### COLLECTED MATERIAL:

####################

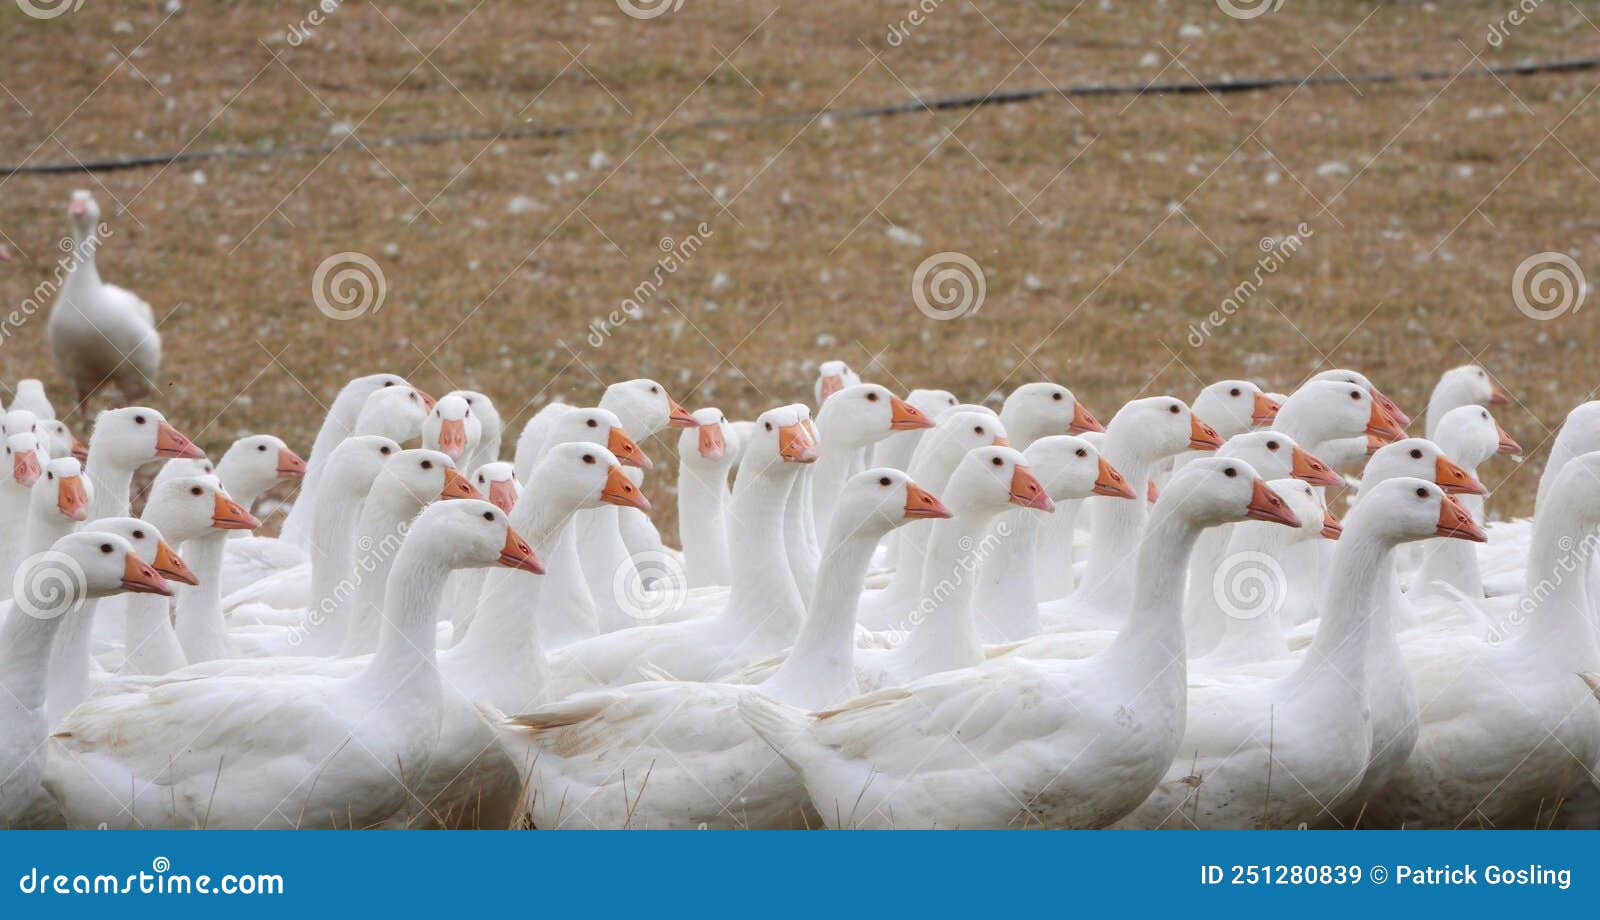 emden geese on commercial goose farm.
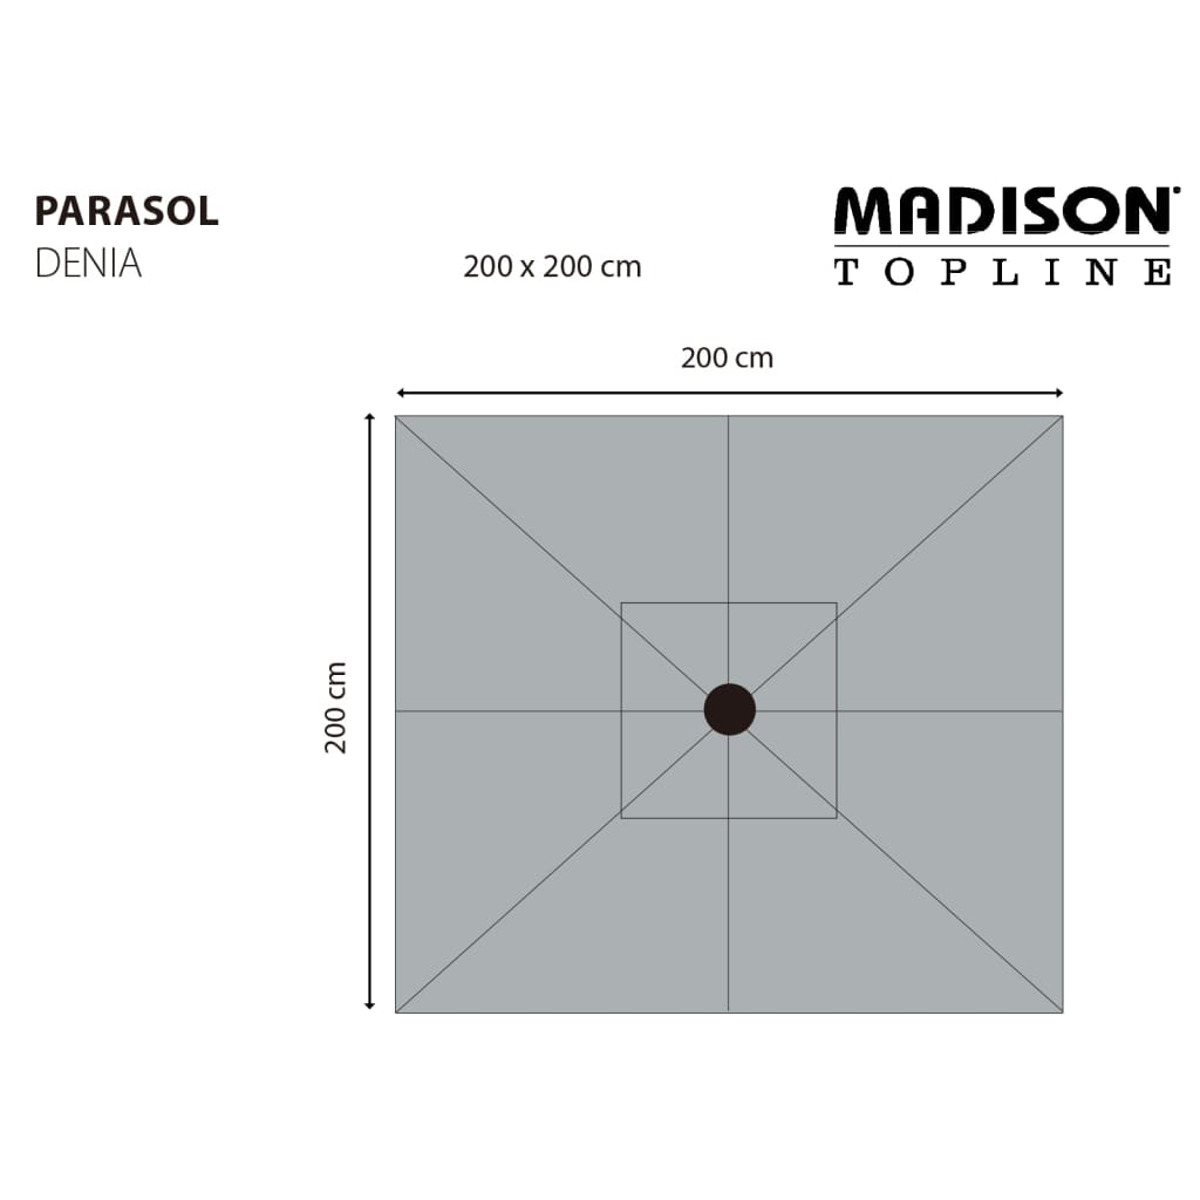 MADISON 447152 Sonnenschirm, Grau
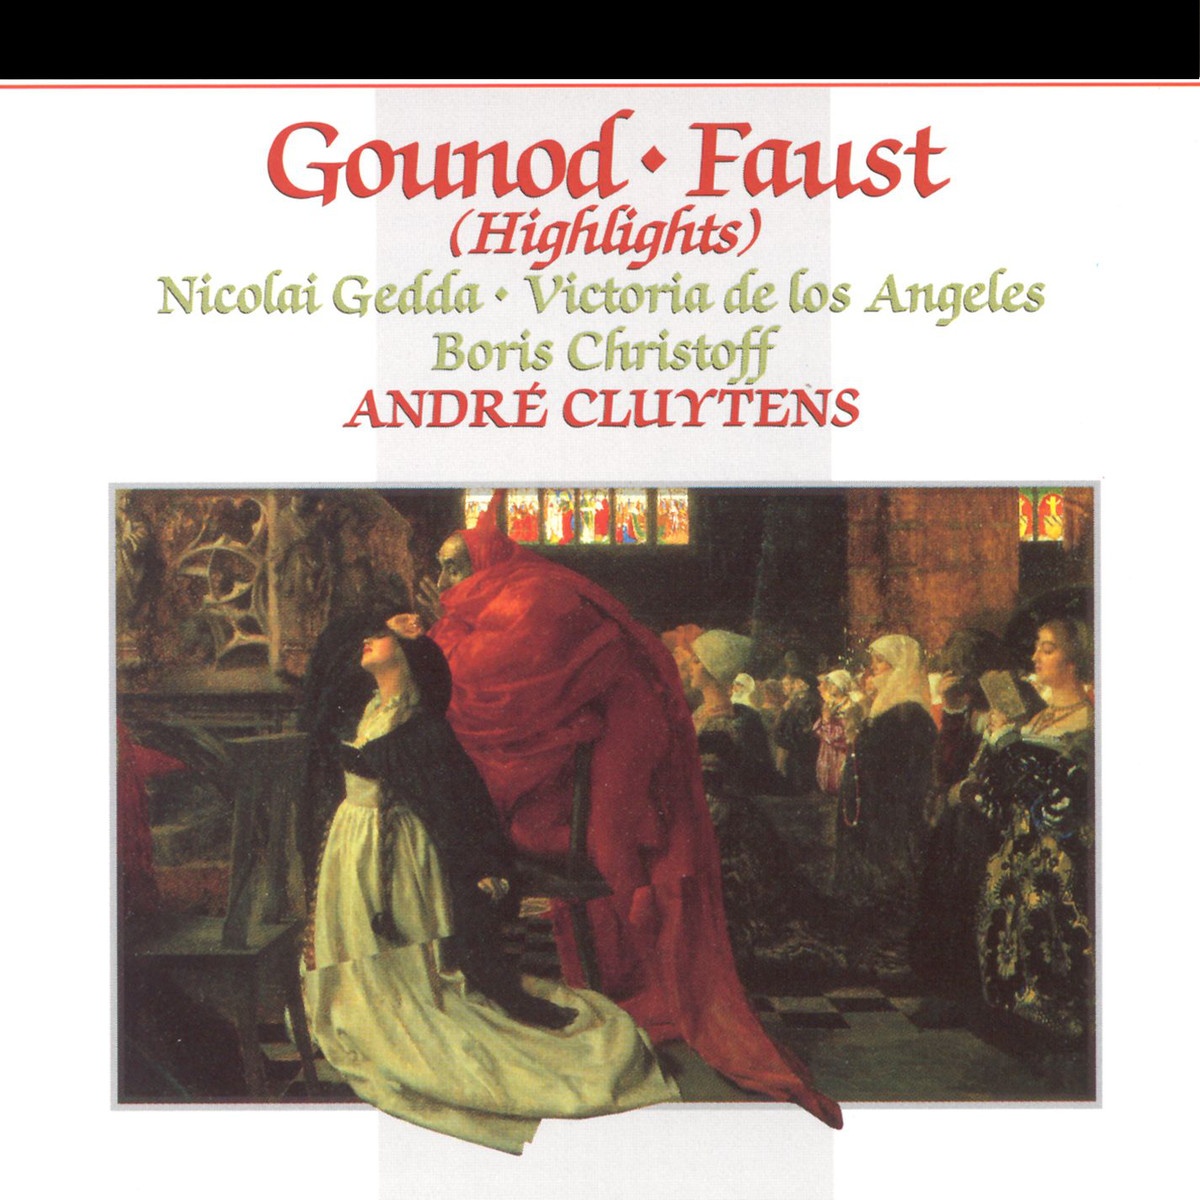 Faust  opera in five acts 1989 Digital Remaster, Act V: Intermezzo ... Vat' en! Faust Me phistophe le s
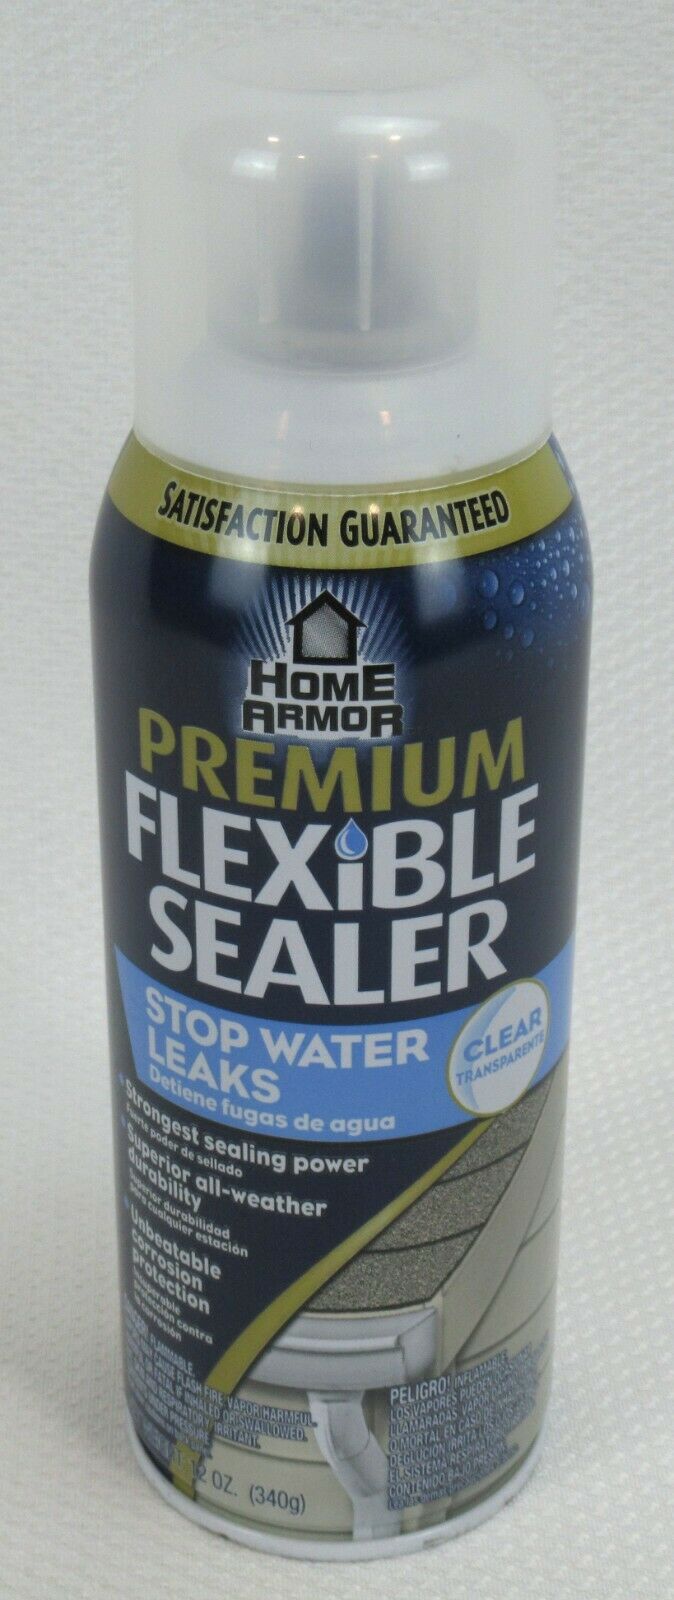 Premium Flexible Sealer Spray Clear 12oz.

####################

### EXERCISE BRIEF:
Give an exact copy of the listing above that leaves out every picture.

### TASK ANSWER:
 emden geese on commercial goose farm.
 MADISON 447152 Sonnenschirm, Grau
 Faust  opera in five acts 1989 Digital Remaster, Act V: Intermezzo ... Vat' en! Faust Me phistophe le s
 Premium Flexible Sealer Spray Clear 12oz.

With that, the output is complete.